Met deze kanttekening zullen we akkoord gaan met dit voorstel.
Verkoop dorpshuis Vossekuil
In 1e instantie hebben we aandacht gevraagd voor "rommelige procedure".
Hier een aantal citaten uit onze bijdrage.
"1. In mei vroeg het college het voorstel van de agenda van de commissie samenleving te halen, omdat nader onderzoek nodig was gebleken.
2. Voor de behandeling in de commissie in juni krijgen we een ongewijzigd voorstel van het college en daarna een memo met aanvullende informatie. In commissie geconcludeerd dat dit eigenlijk niet kan omdat er geen volledig/compleet voorstel aan de raad wordt voorgelegd.

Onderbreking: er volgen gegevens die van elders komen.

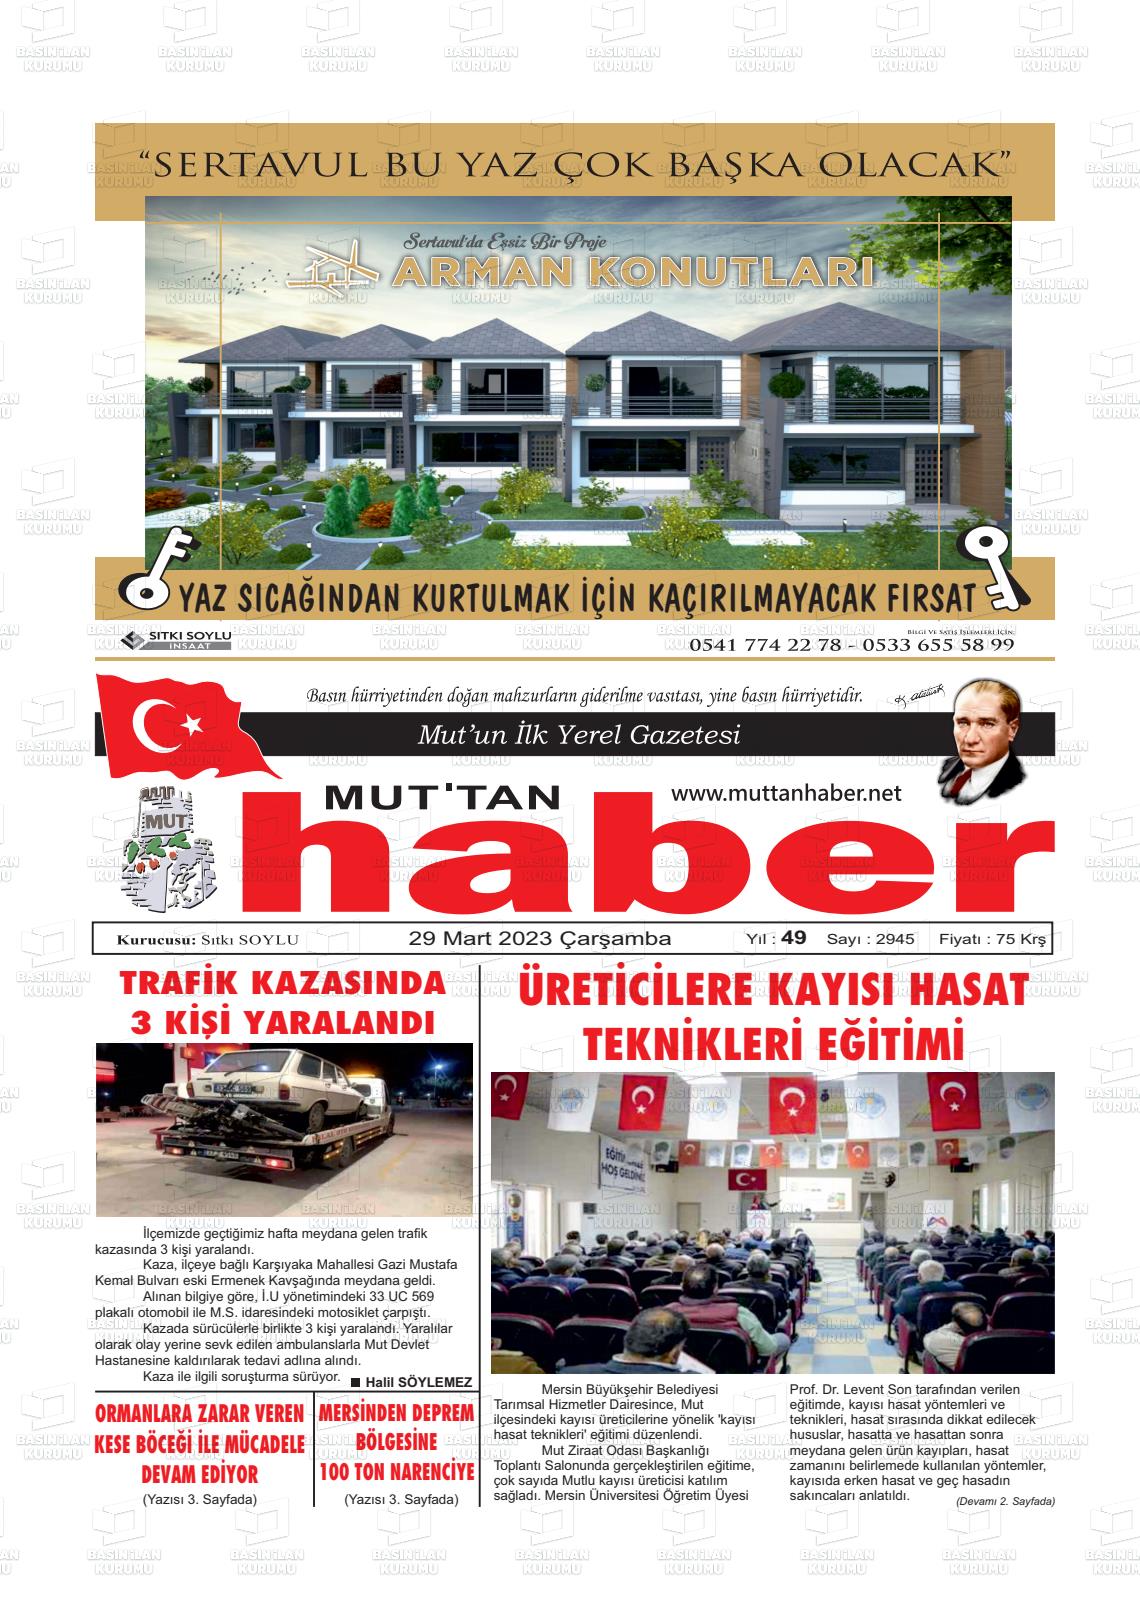 29 Mart 2023 Mut'tan Haber Gazete Manşeti

3. Op woensdag 25 juni ontvangen we een aangepast raadsvoorstel.
4. Tenslotte ontvangen we op 2 juli een memo met belangrijke aanvullende informatie over dit voorstel. Ook dit is vanzelfsprekend weer niet verwerkt in het huidig voorliggend voorstel.
Over zorgvuldigheid, daadkracht en bestuurskracht gesproken. College, dit kan toch niet. Het is onmogelijk voor een raad op basis van dit soort onvolledige voorstellen een dergelijk belangrijk besluit genomen.
College Jaap Hage heeft in de commissie SL de volgende vraag gesteld aan wethouder van Dis: Als je met alle risico’s en lange termijn beleid in dit voorstel, kijkt naar de presentatie mbt risicomanagement, zou dan dit voorstel met vlag en wimpel geslaagd zijn?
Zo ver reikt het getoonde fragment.